ТЕГЕРАНСКАЯ ТРАГЕДИЯ
Тоскуя по молодой жене, Грибоедов купил красивую чернильницу, отделанную фарфором, и отдал граверу с текстом на французском: "Пиши мне чаще, мой ангел Ниноби. Весь твой. А.Г. 15 января 1829 года. Тегеран". Потом было письмо к Макдональду, коллеге, представителю Англии в Иране, и его супруге, с которыми в Тавризе общалась Нина. Александр очень беспокоился о жене и терзался тем, что вынужден оставлять ее одну в нездоровье - Нина очень тяжело переносила беременность. "Через восемь дней я рассчитываю покинуть столицу", - писал Грибоедов, имея в виду отъезд из Тегерана в Тавриз. Но этому не суждено было случиться... 30 января Грибоедова, а с ним еще более пятидесяти человек, растерзала толпа религиозных фанатиков, подстрекаемая теми, кого бесила настойчивость русского посла в вопросе возвращения пленных, подданных России, на родину. Попытка иранских друзей вывести российского посланника и тех, кто был с ним, через подземный ход не удалась. Александр Сергеевич Грибоедов пал на поле брани с обнаженной саблей в руке. Бесчинствующая толпа таскала его изуродованный труп по улицам несколько дней, а потом бросила в общую яму, где уже лежали тела его товарищей.
СТРАШНОЕ ИЗВЕСТИЕ
Позже, когда русское правительство потребовало вернуть тело Грибоедова в Россию, его опознали лишь по руке, простреленной пулей Якубовича...
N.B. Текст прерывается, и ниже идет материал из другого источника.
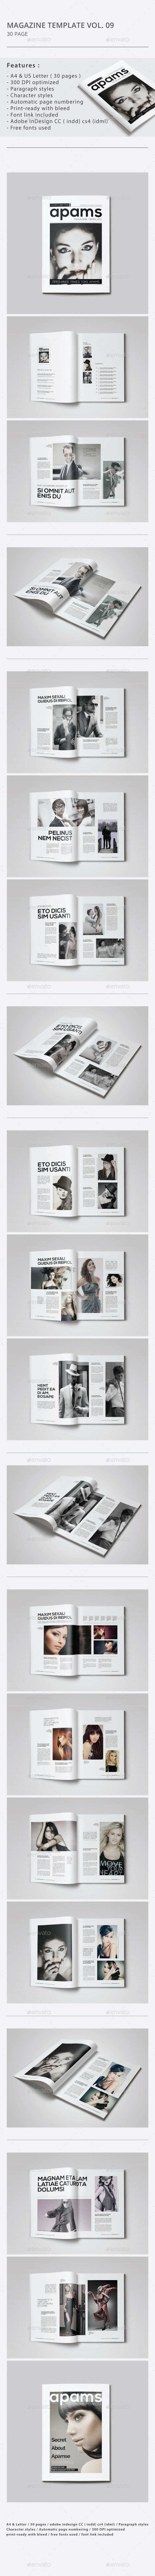 GraphicRiver Indesign Magazine Template Vol.09 9498512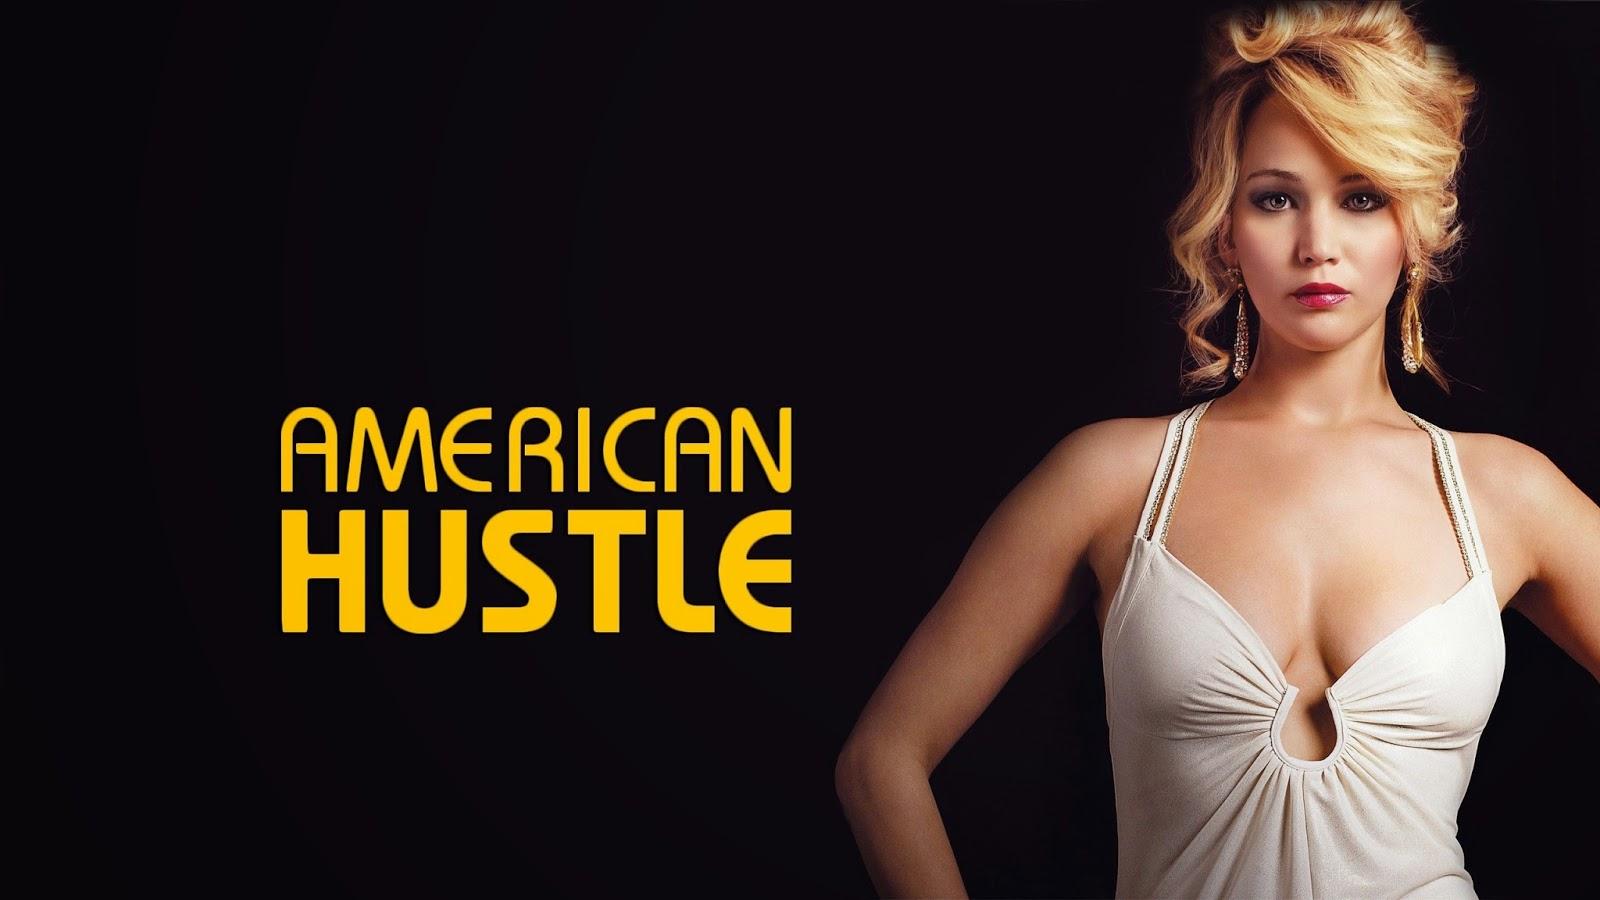 American ladies photos

А Нина тем временем оставалась в Тавризе. Окружающие, боясь за нее, скрывали страшную весть. Говорили, что она должна ехать в Тифлис, дескать, Александр Сергеевич занемог, уехал туда и велел следом отправляться и ей. Нина отвечала: "Пока не получу письмо от мужа, никуда не тронусь". И лишь 13 февраля по настоятельной просьбе матери она покинула Тавриз. В Тифлисе Нина узнала, что муж мертв, и у нее случились преждевременные роды. Об этом в ее письме Макдональдам в Тавриз: "...Спустя несколько дней после моего приезда, когда я едва отдохнула от перенесенной усталости, но все более и более тревожилась в невыразимом, мучительном беспокойстве зловещими предли нужным сорвать завесу, скрывающую от меня ужасную правду. Свыше моих сил выразить Вам, что я тогда испытала... Переворот, происшедший в моем существе, был причиной преждевременного разрешения от бремени... Мое бедное дитя прожило только час и уже соединилось со своим несчастным отцом в том мире, где, я надеюсь, найдут место и его добродетели, и все его жестокие страдания. Все же успели окрестить ребенка и дали ему имя Александр, имя его бедного отца..." На семнадцатом году жизни надела Нина Грибоедова черное платье и не снимала его 28 лет, до самой могилы. Грузинские женщины часто ходят в черном, так что ее вдовий наряд удивлял лишь в первые годы. В 1857 году в Тифлисе вспыхнула холера. Нина отказалась уехать из города и, ухаживая за своими родственниками, заболела сама и умерла.
...Высоко над Тбилиси, в монастыре св. Давида, что на горе Мтацминда, покоится их прах. Сюда, к увитой плющом нише с двумя могилами, приходит много людей. На одном из надгробий, обхватив распятье, рыдает коленопреклоненная женщина, отлитая из бронзы. Все свое великое и трепетное чувство вложила Нина в слова, горящие на холодном и тяжелом черном камне: "Ум и дела твои бессмертны в памяти русской, но для чего пережила тебя любовь моя!"